Arbeitsrecht: „Kann mir der Arbeitgeber fristlos kündigen, wenn ich ihn wegen Verletzung der Quarantänebestimmungen anzeige?“

Die richtige juristische Antwort lautet: Kommt darauf an!

Grundsätzlich wird das Arbeitsverhältnis von wechselseitiger Rücksichtnahme geprägt. Auch der Arbeitnehmer ist zur Rücksichtnahme verpflichtet. Hieraus leitet die Rechtsprechung ab, dass eine Anzeige gegen den Arbeitgeber eine verhältnismäßige Reaktion des Arbeitnehmers darstellen muss. Eine unverhältnismäßige Reaktion wird etwa angenommen, wenn die Motivation zur Anzeige lediglich darin liegt, den Arbeitgeber zu schädigen.

Ferner ist es unverhältnismäßig, Missstände nicht zunächst innerbetrieblich anzusprechen, sondern sofort eine externe Anzeige zu erstatten. Demgegenüber soll ein innerbetriebliches Vorgehen entfallen, wenn dieses unzumutbar ist, weil systematisch Missstände begangen werden.

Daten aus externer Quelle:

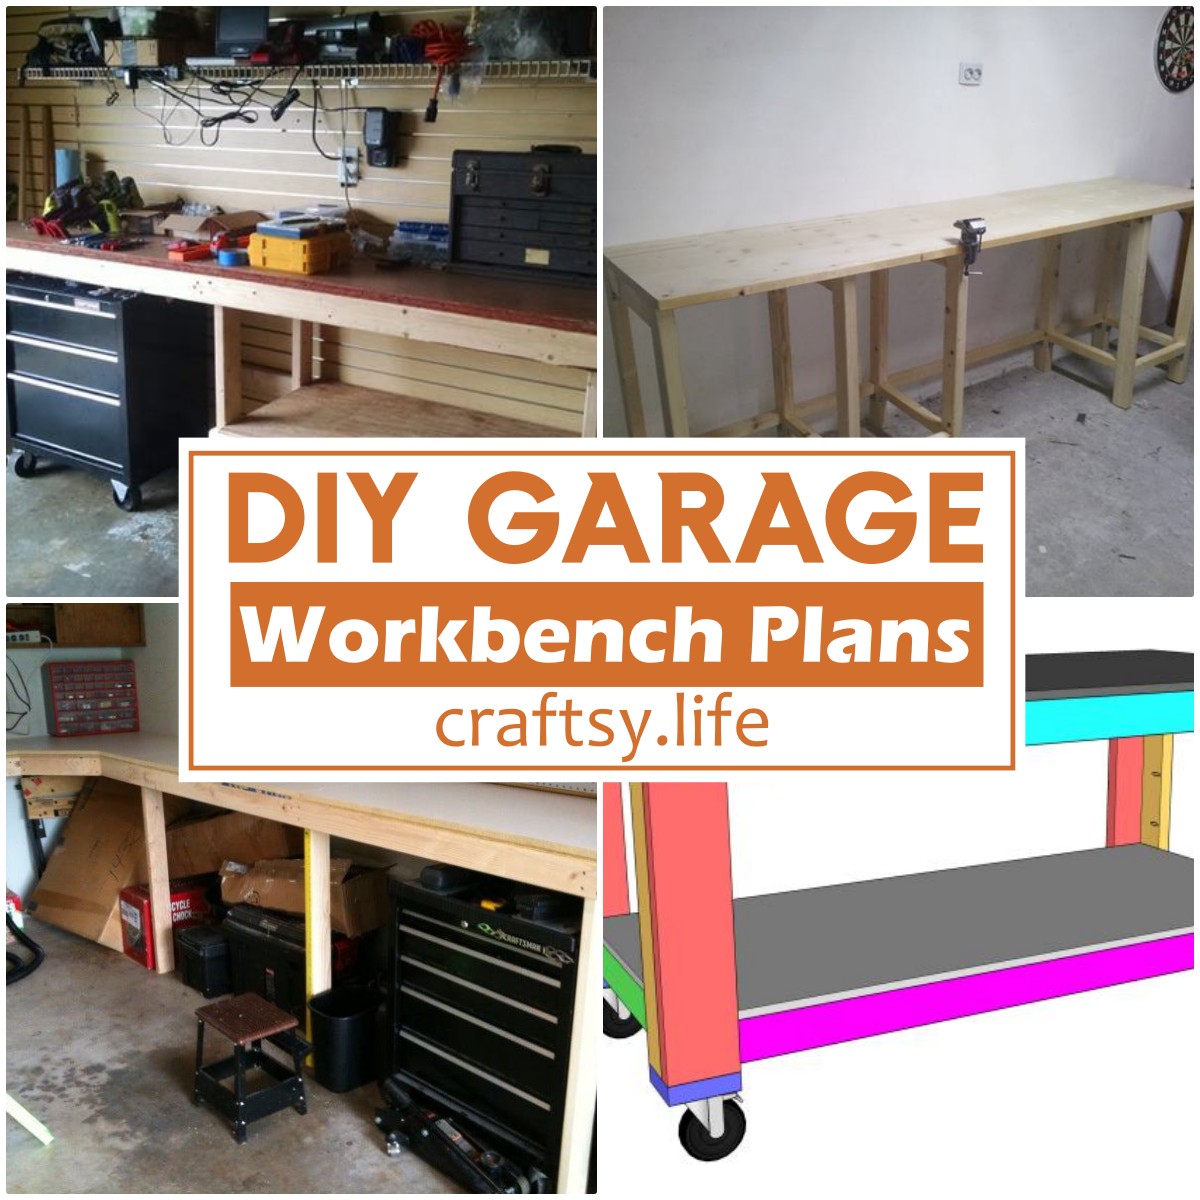 DIY Garage Workbench Plans

Bei einem Fall vor dem Arbeitsgericht Dessau-Roßlau (Urt. 12.08.2020, 1 Ca 65/20) hatte ein Arbeitnehmer den Geschäftsführer und den Meister wegen Verstoß gegen coronabedingte Ausgangs- und Kontaktbeschränkungen angezeigt, nachdem er innerbetrieblich auf die Missstände erfolglos hingewiesen hat. Er wurde daraufhin fristlos entlassen. Das Arbeitsgericht hat festgestellt, dass die Kündigung unwirksam sei, da die Anzeige eine verhältnismäßige Reaktion des Arbeitnehmers darstelle.